— Бичевать себя надо не рассказами, — хотел продолжать Воропаев, но Ступина с удивительной мягкостью и нежной настойчивостью перебила его:
— Алексей Вениаминыч, трудно ей очень… Ведь сломали ее как!.. Говорит, не знаю что… Да и то сказать — в грязи по макушку вывозилась, теперь и за пять лет не отмоешься.
— Нет, я это сказала, я сейчас вам скажу, почему я сказала… — горьким, отчаянным движением, искреннее которого не могло быть самое откровенное раскаяние, она обхватила голову руками и, раскачиваясь, выдавила из себя: — Ребенка-то, ребенка никуда не денешь! Как же я жить буду!.. Кто мне теперь верить станет… Пропала я, Алексей Вениаминыч, и никому мне теперь не помочь!

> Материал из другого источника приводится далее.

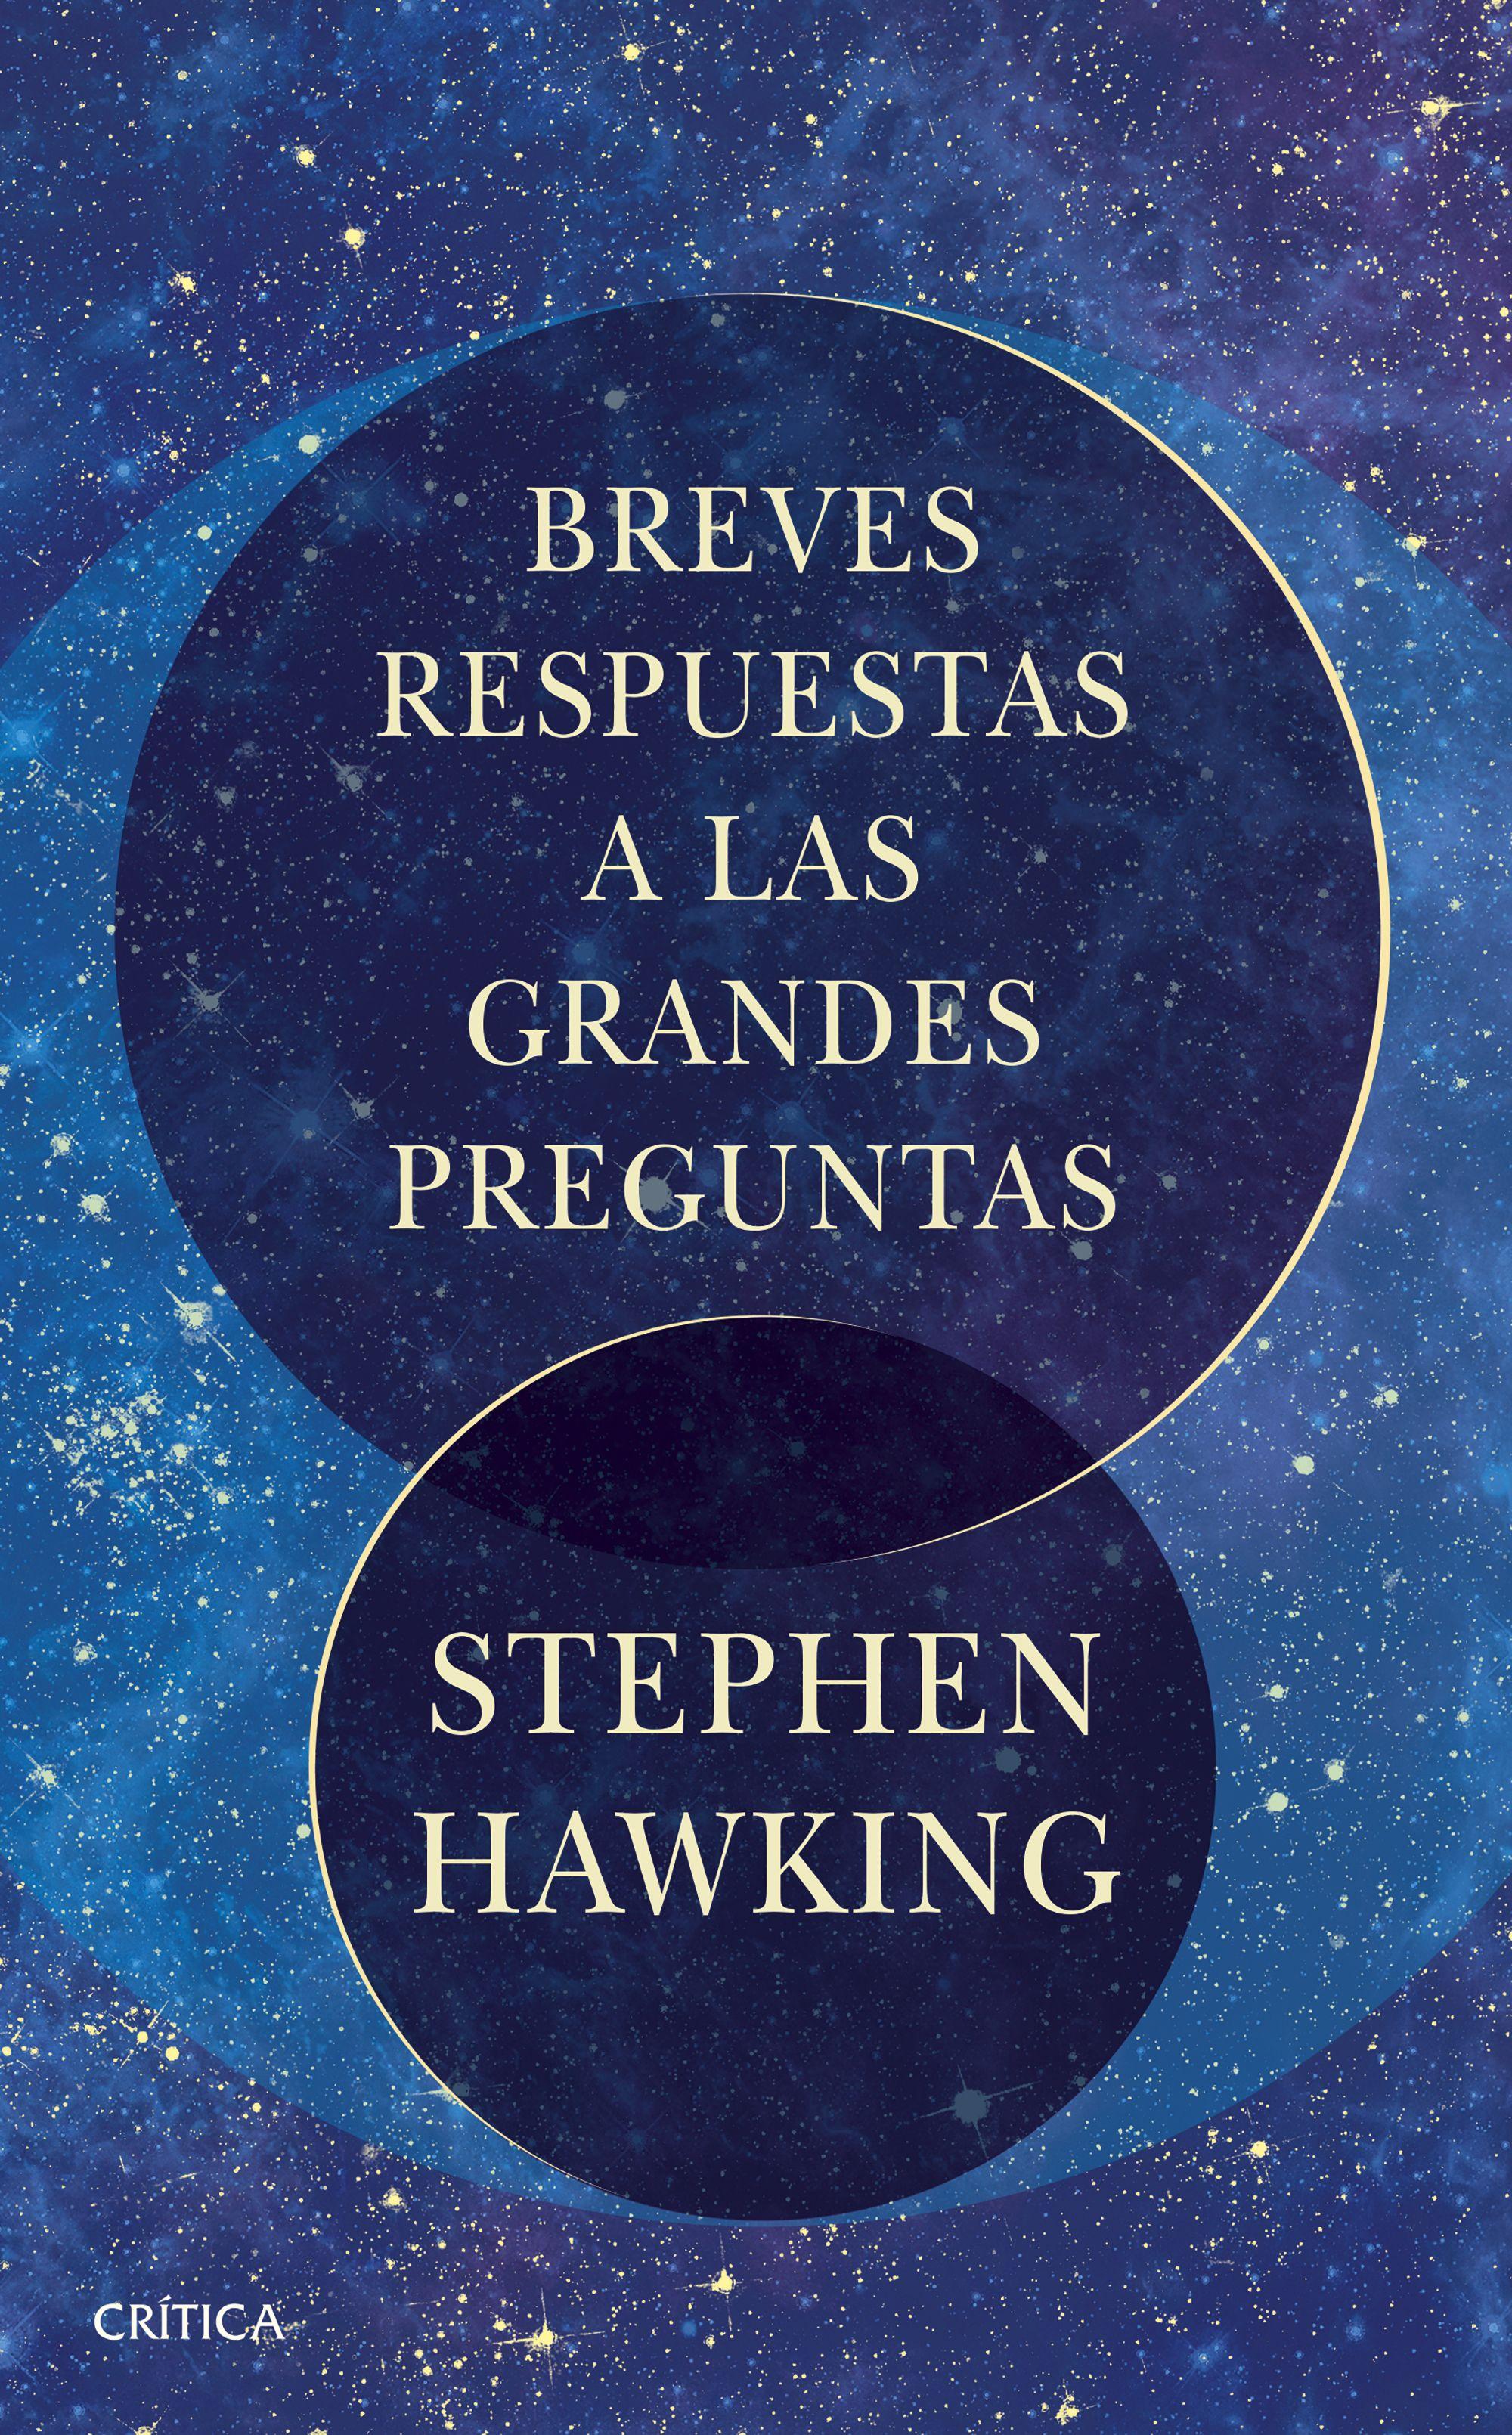 Breves Respuestas a las Grandes Preguntas - Stephen Hawking - Crítica

Не отнимая от головы рук, будто боясь без их поддержки оставить горькую головушку свою, она выбежала со двора и, громко всхлипывая, понеслась куда-то вниз, на виноградники.

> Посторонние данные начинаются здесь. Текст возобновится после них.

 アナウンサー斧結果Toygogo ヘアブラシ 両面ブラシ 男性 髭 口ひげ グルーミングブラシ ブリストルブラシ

Воропаев приподнялся на кровати. Ступина сказала ему, успокаивая:
— Там, на мускатах, у нас сторожовочка есть. Выплачется, отойдет, ничего. Вы только помогите ей, Алексей Вениаминыч. Ведь какая она до войны была — добрая, ласковая, лучшая подружка моя… Может, услать ее куда? А то родит она — со свету сживут. Кто ж в ее душе копаться станет!
Воропаев взял ее за худые, острые плечи.
— Ты что же, дружишь с ней и теперь?
— Да ведь никого из моих дивчат не осталось. Одна она. И жалко ее. Пропадет.
— А у тебя, дурочка, все в порядке?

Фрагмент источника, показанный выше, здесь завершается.